3-way Means Comparisons

Finally, although tooth length does not differ by supplement, we may ask whether or not different doses within supplements produce a difference. The means of supplement-dose categories are tabled below.

means<-xtabs(len/10~supp+dose, data=ToothGrowth)
knitr::kable(means, caption="Tooth Length Means for Supplement and Dose")

Table: Tooth Length Means for Supplement and Dose

It may be that tooth length actually does vary by supplement, until we reach high doses.

Hypothesis 3 (Ha): The non-difference in the effect of supplement (see Hypothesis 1) may be explained by the size of the dose.

First, we will test if there is a tooth length difference by supplement for those given a low dose.

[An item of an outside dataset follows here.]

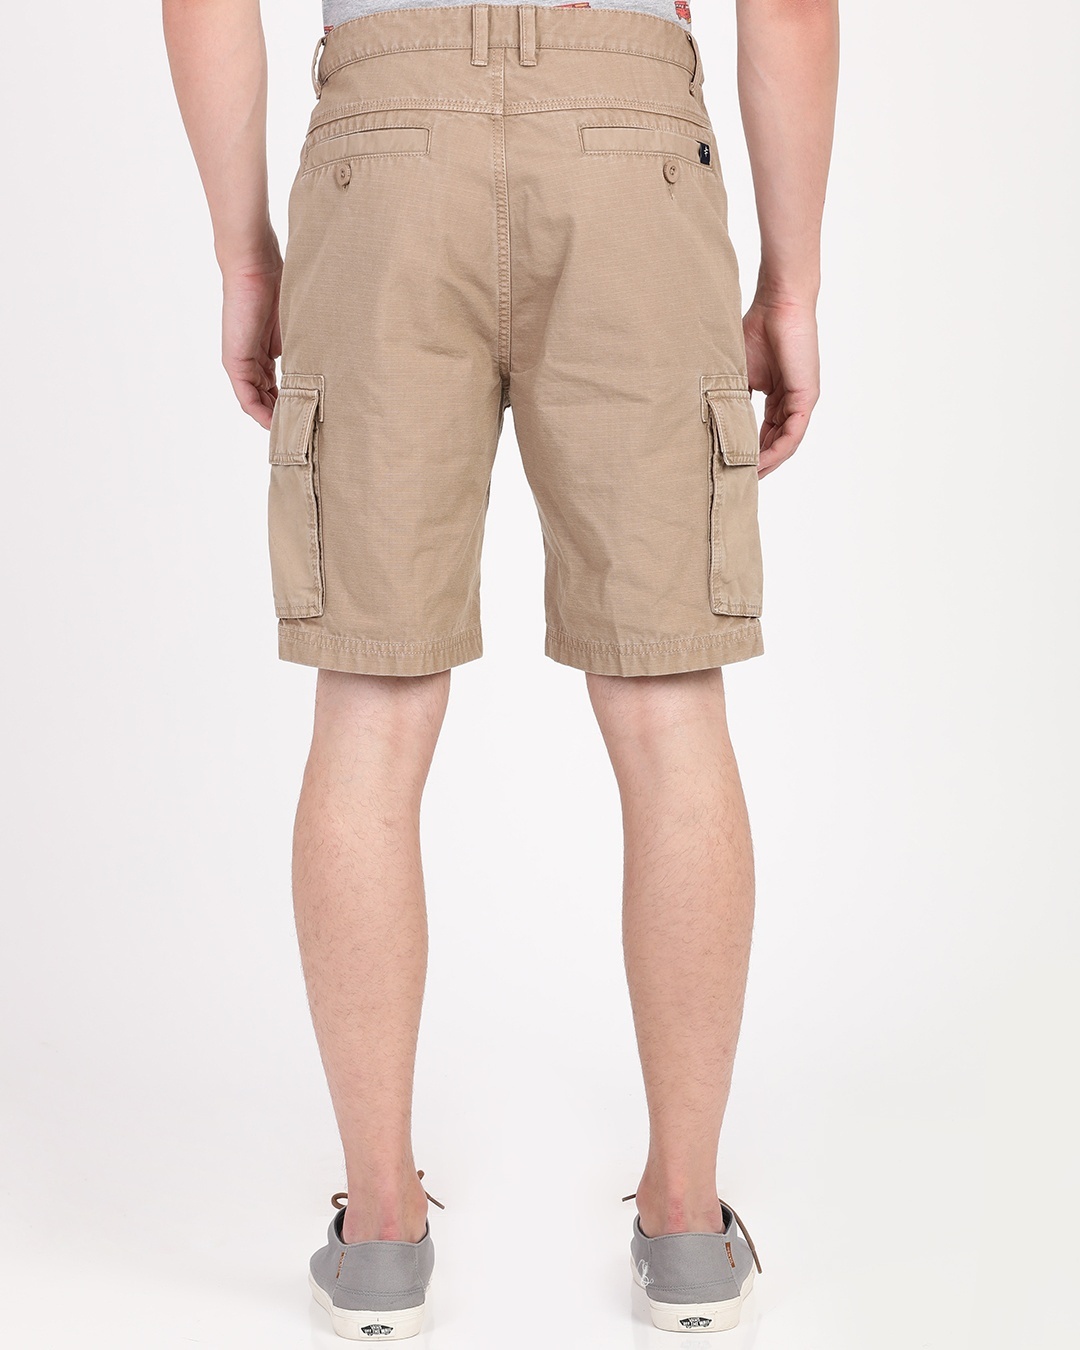 Buy Men's Beige Cotton Shorts for Men Beige Online at Bewakoof

The means (OJ = 13.23, VC = 7.98) appear different, but the number of observations is also much smaller (only 10 for each category), so now our test must figure-in more chance of random error. In the following tests, I report only p-values to save space.

low<-ToothGrowth[ToothGrowth$dose==.5,]
with(low, t.test(len[supp=="OJ"], len[supp=="VC"]))$p.value

## [1] 0.006358607

Although there are only 15 degrees of freedom (lots of room for error), our test returns a p-value of 0.006, which is less than .05. We can reject the null hypothesis that there is no difference between OJ and VC at low doses.

mid<-ToothGrowth[ToothGrowth$dose==1,]
with(mid, t.test(len[supp=="OJ"], len[supp=="VC"]))$p.value

## [1] 0.001038376

The same pattern holds true for medium doses as well.

high<-ToothGrowth[ToothGrowth$dose==2,]
with(high, t.test(len[supp=="OJ"], len[supp=="VC"]))$p.value

## [1] 0.9638516

But not for high doses.

Conclusion

Variation in tooth length is related to the size of given dose of supplement. The greater the dose, the greater the tooth length (Hyp 2). Tooth length is also related to the type of supplement, but not at all dose sizes (Hyp 3). The tests that we conducted made use of properties associated with the central limit theorem and its assumption of normally distributed sample means. Although the ns were relatively small in the tests conducted, t.tests (using the t distribution) allow for greater random chance associated with smaller sample sizes.